How to complete this task – What you return should be the full listing, word for word, without a single image.

Raw data –

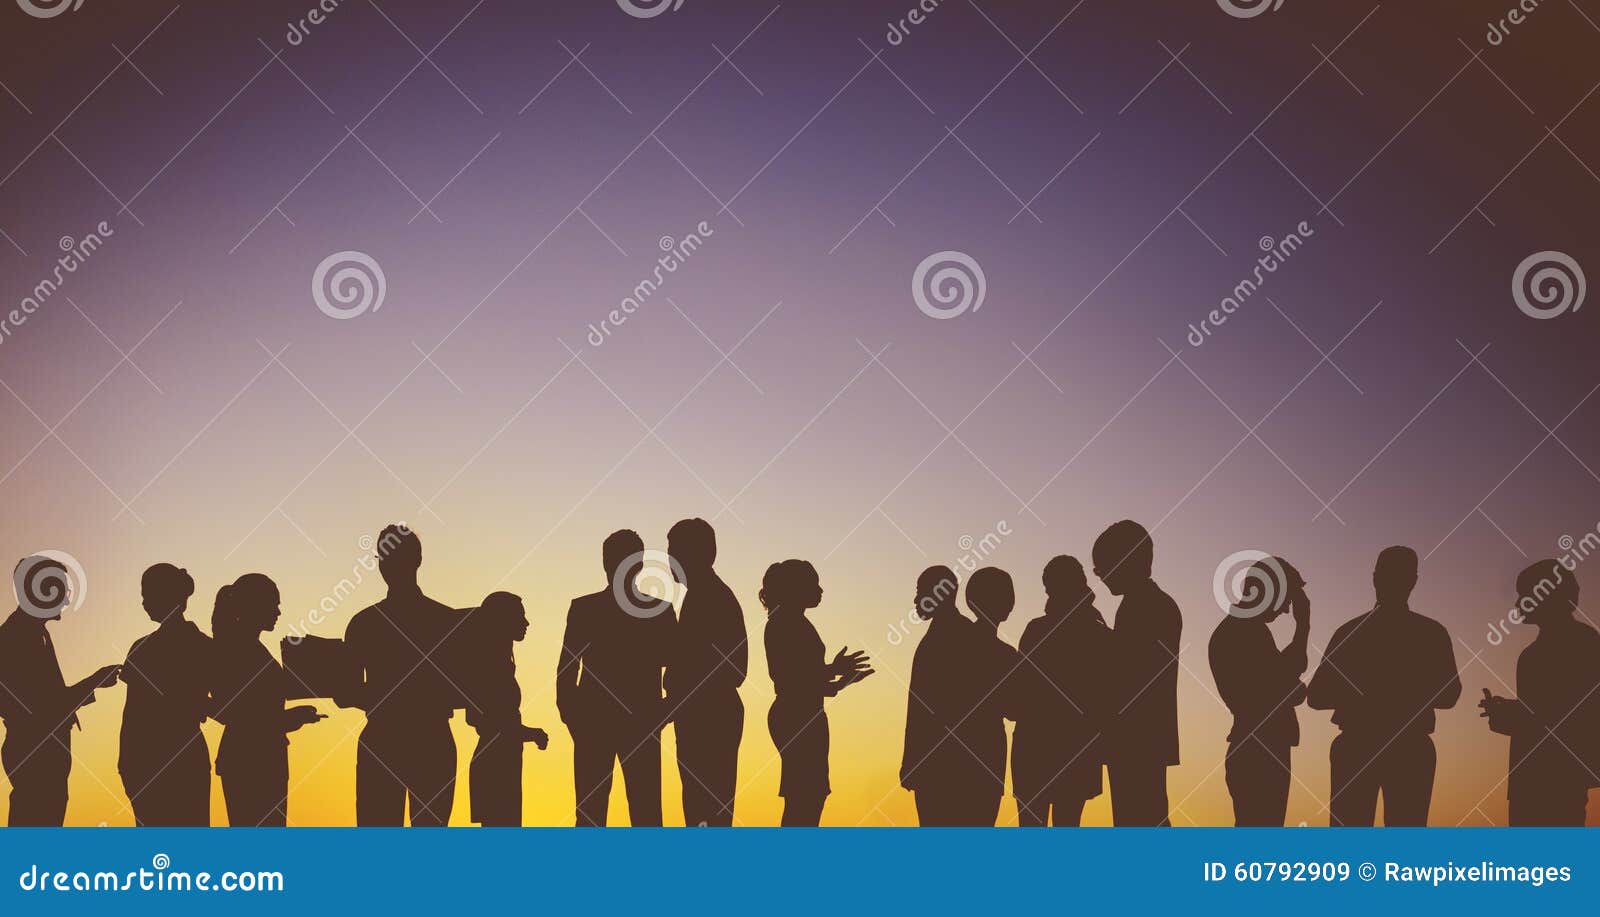 group business people interaction silhouette concept
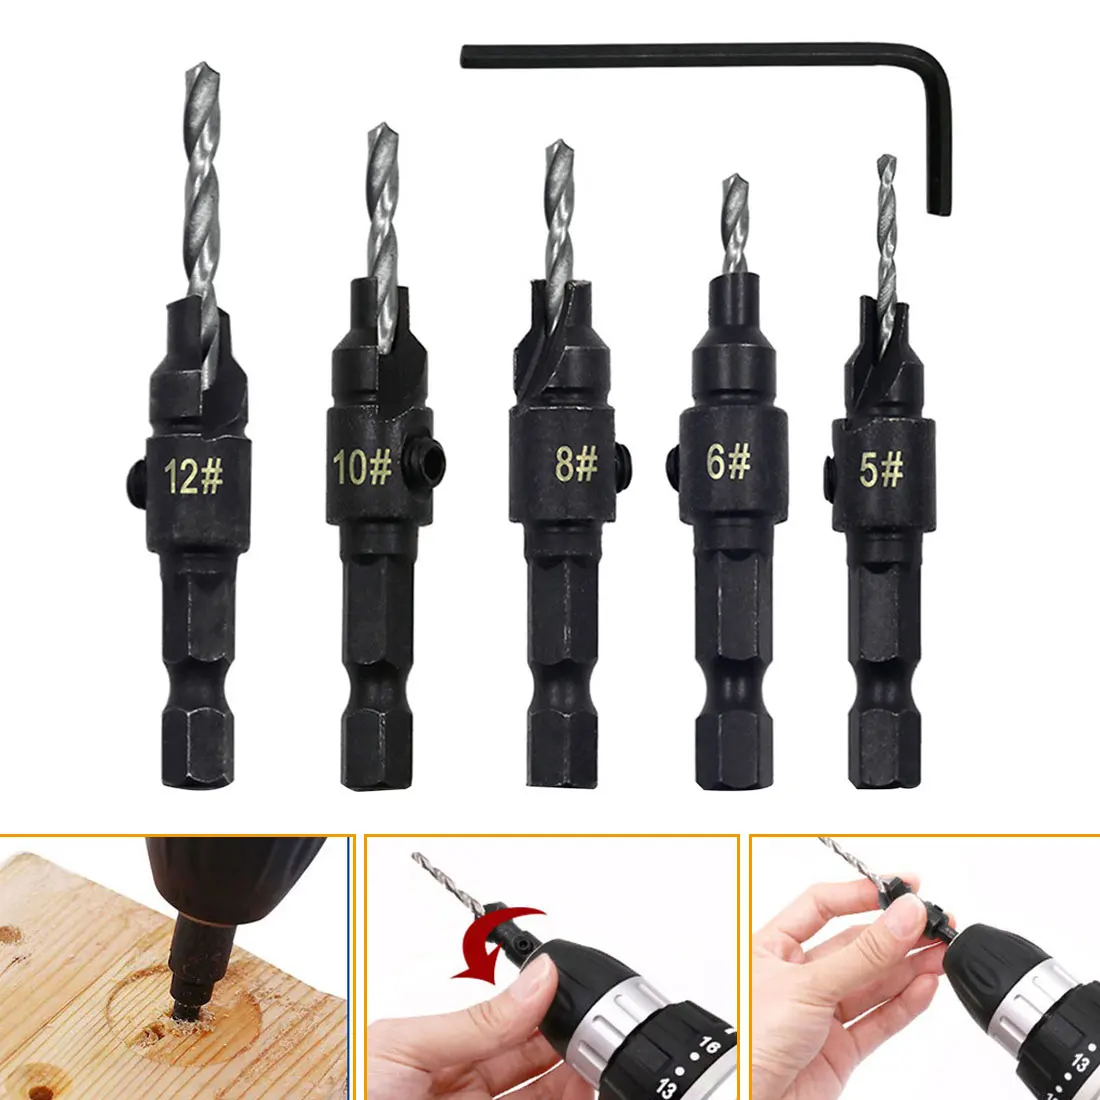 

5pcs Hexagonal Countersink Drill Woodworking Drill Bit Set Drilling Pilot Holes For Screw Sizes #5 #6 #8 #10 #12 With a wrench
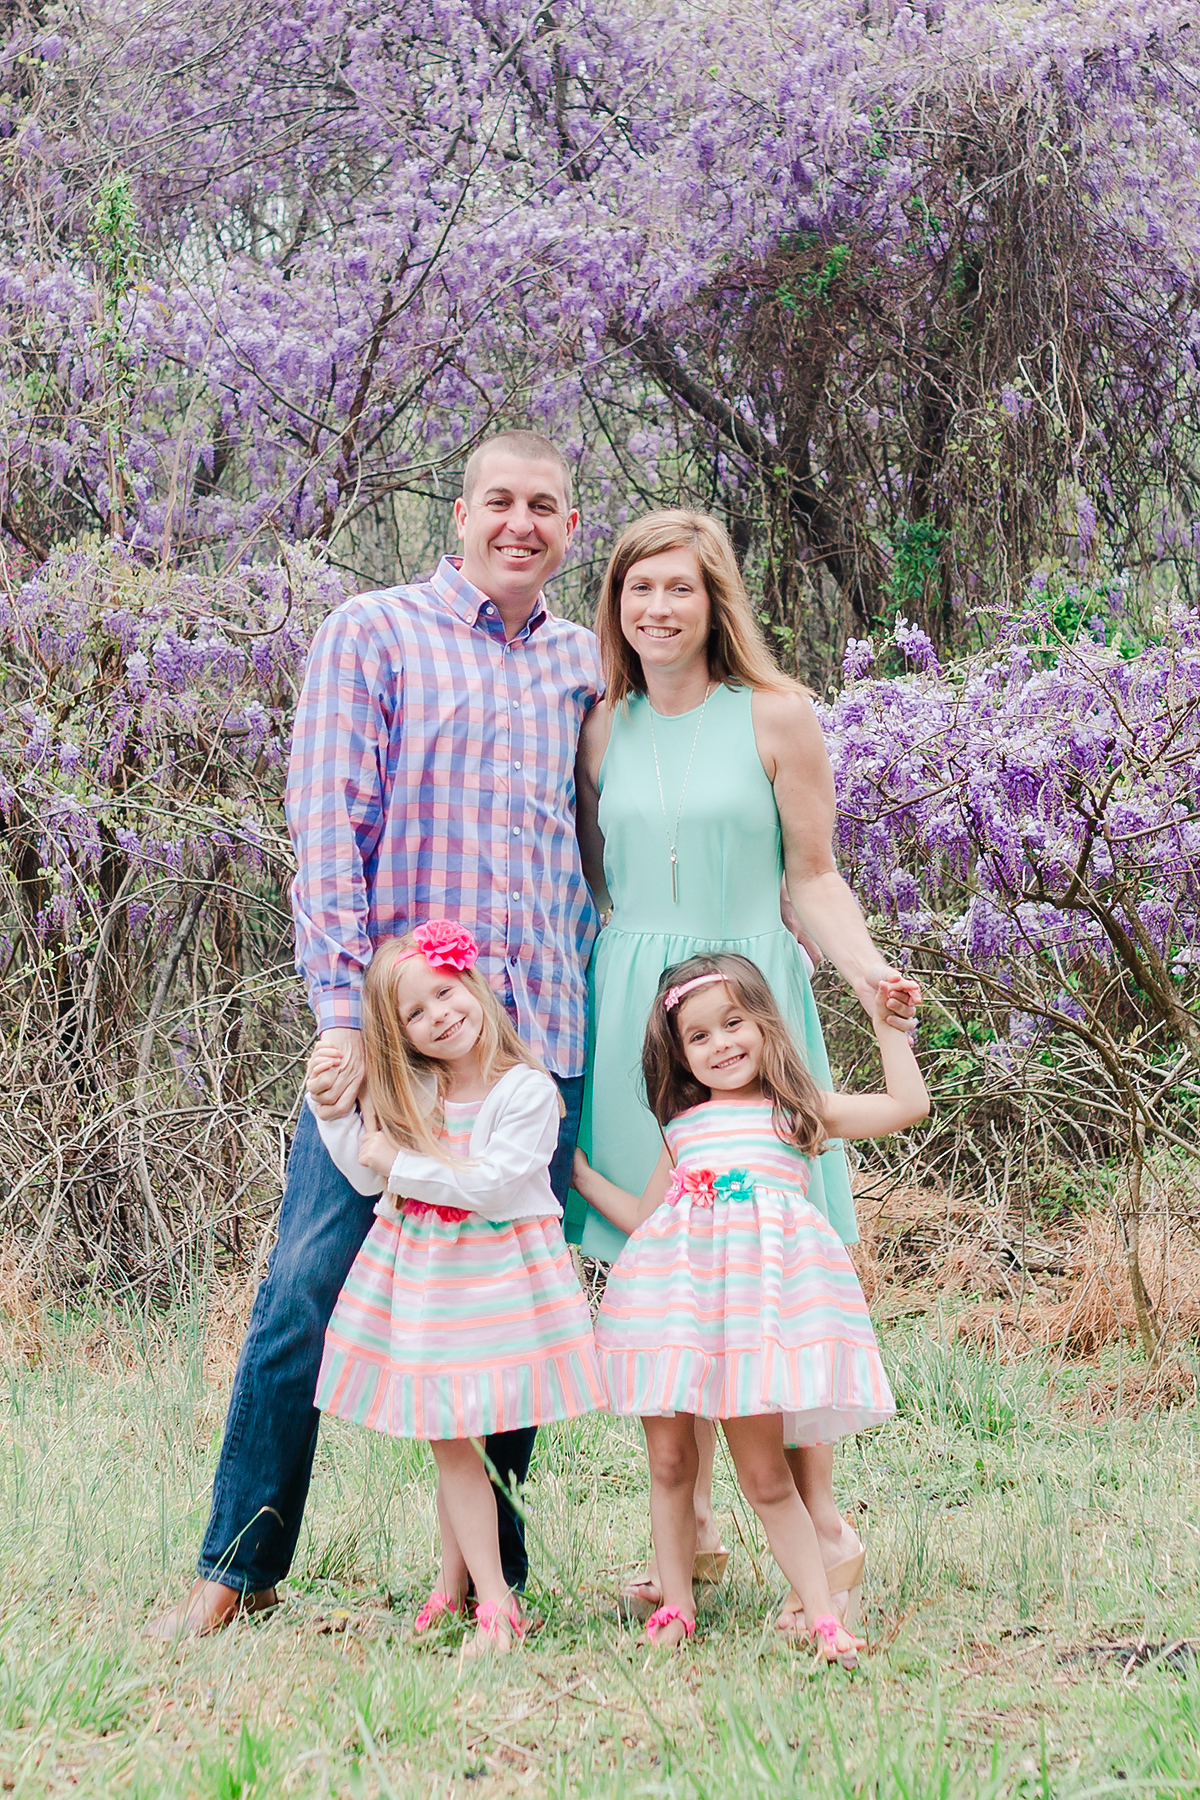 Happy Easter from Raleigh Family Photographer Traci Huffman Photography and Family

Output of the exercise –
 group business people interaction silhouette concept

5pcs Hexagonal Countersink Drill Woodworking Drill Bit Set Drilling Pilot Holes For Screw Sizes #5 #6 #8 #10 #12 With a wrench
 Happy Easter from Raleigh Family Photographer Traci Huffman Photography and Family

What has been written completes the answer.